I have a custom View class that extends Spinner. I'm trying to figure out what the correct way to talk to the Activity that it's embedded in is, when the user makes a selection. I see that the OnItemSelected listener gets a reference to the Adapter, but I'm not clear on whether or not I should be using this adapter and walking up its parent chain somehow, or if I should just talk directly to the context (for some reason that doesn't feel safe, even though I can't think of a way in which it might fail, offhand).
the right way to do that, is to "listen" to your custom view by exposing an interface which your view holding a reference to instance of him, and you hosting activity should implement. exactly like the OnItemSelected interface and any events which android views are exposing is been implemented. this is the observer design pattern.
for example:
public class MyCustomSpinner extends Spinner {
public MyCustomSpinner(Context context) {
super(context);
// TODO Auto-generated constructor stub
}
public interface IMyEventListener {
public void onEventOccurred();
}
private IMyEventListener mEventListener;
public void setEventListener(IMyEventListener mEventListener) {
this.mEventListener = mEventListener;
}
protected void someMethodWhichDoingSomthingAndShouldRaiseAlsoTheEvent() {
/*
* Some Code which the function doing //more code...
*/
if (mEventListener != null) {
mEventListener.onEventOccurred();
}
}
}
this is how you will use it from your activity:
mMyCustomSpinner.setEventListener(new IMyEventListener() {
#Override
public void onEventOccurred() {
// TODO Auto-generated method stub
}
});
I'm trying to figure out what the correct way to talk to the Activity that it's embedded in is, when the user makes a selection.

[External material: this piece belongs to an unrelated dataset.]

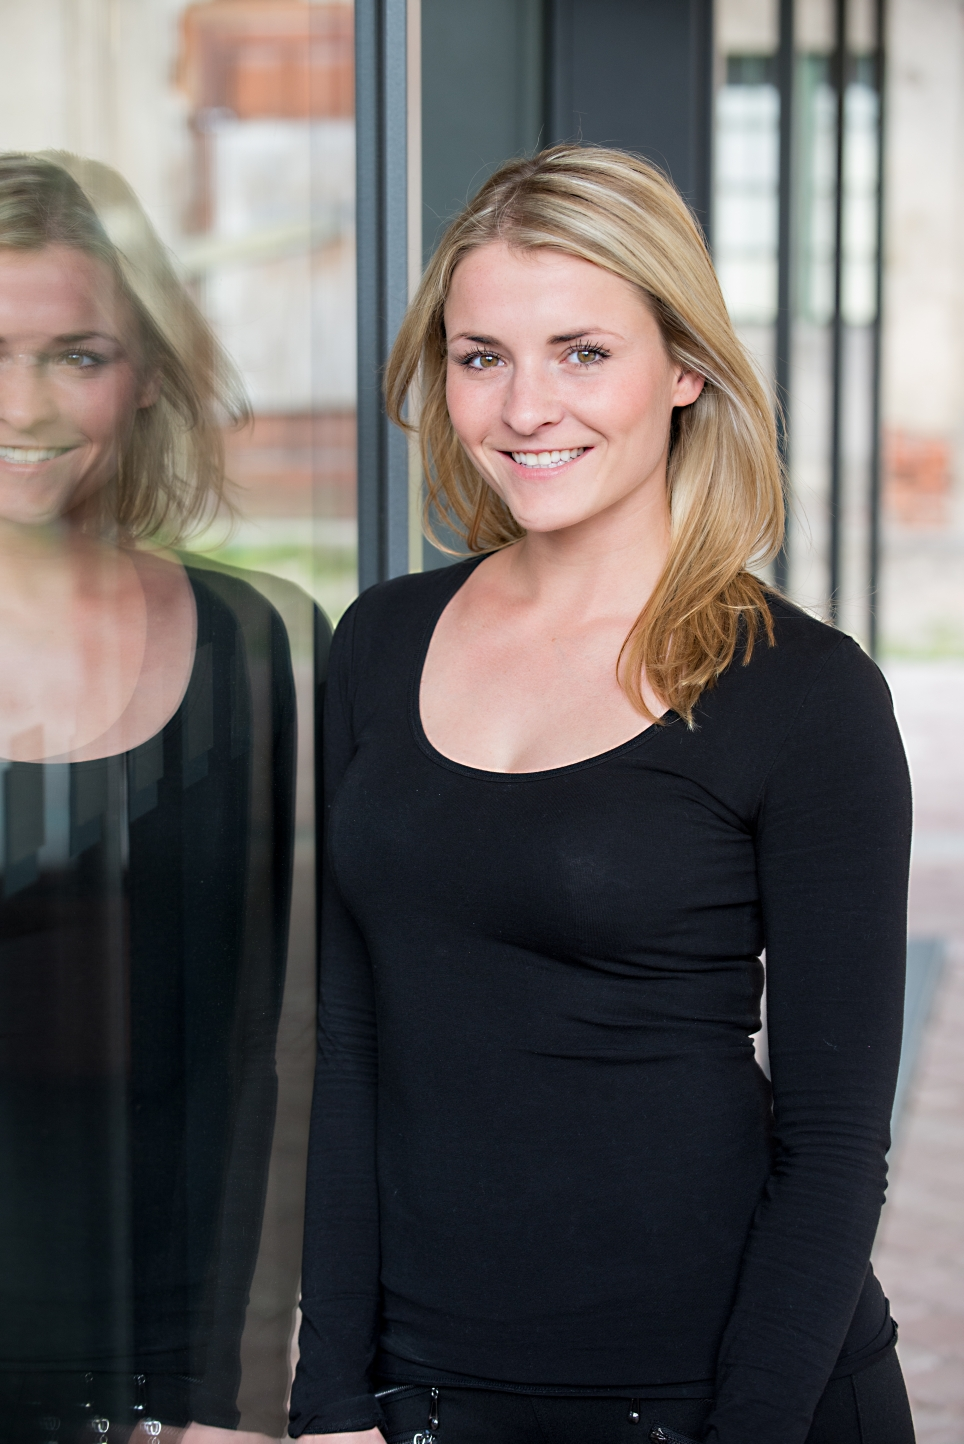 Stephanie Kausch #2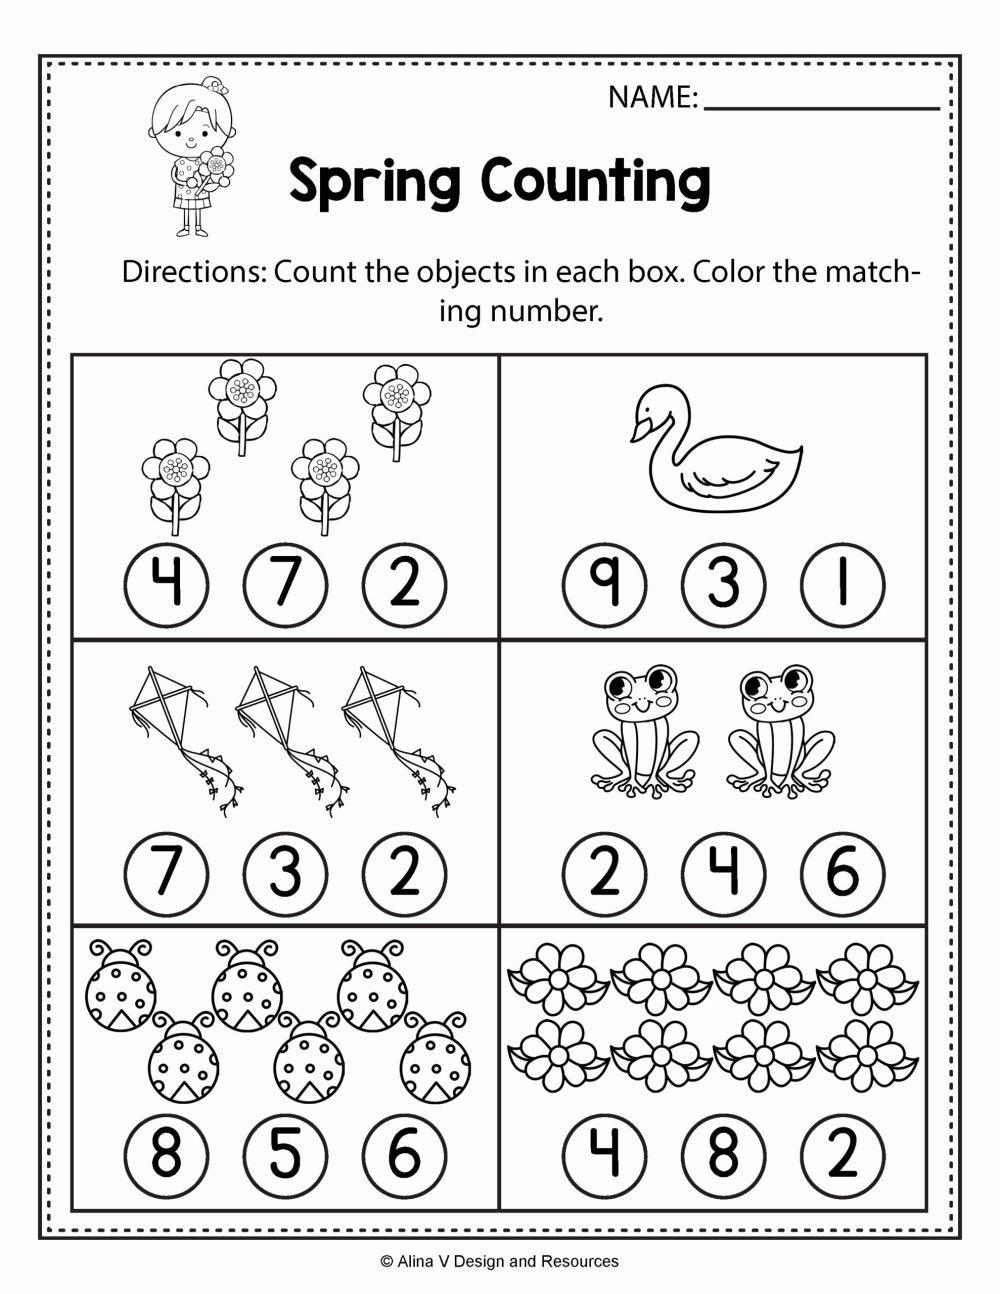 medium resolution of Spatial Concepts Worksheets for Preschoolers Fresh Directions Worksheet  Preschool Printable Worksheets and – Printable Worksheets for Kids

You don't want to "talk to the Activity that it's embedded in". You want to talk to the controller responsible for the View. Today, that might be an Activity. Tomorrow, that might be a Fragment.
I see that the OnItemSelected listener gets a reference to the Adapter, but I'm not clear on whether or not I should be using this adapter and walking up its parent chain somehow
That implies that the View knows the specific type of Adapter, since the Adapter interface does not have any sort of getContext() method. Moreover, it ties you to talking to the Activity, which is not a good plan at this point, as mentioned above.
Personally, I'm a bit dubious about having a custom Spinner subclass in the first place. But, assuming there's a good reason for it, you should follow Tal Kanel's advice (posted while I was writing this) and design a custom listener interface for this custom event that is being declared by your custom View. Have the controller (Activity or Fragment) supply an implementation of that interface -- this could be directly implemented on the controller, or implemented as an anonymous inner class (as in Tal Kanel's answer), etc. Have your custom View call method(s) on the listener interface as needed.
The correct way is using a listener of some sort. I think you can make direct reference, your code would just not be reusable for another project then...
A simple solution -
((ParentClass) context).functionToRun();
Where ParentClass is the class name of the activity.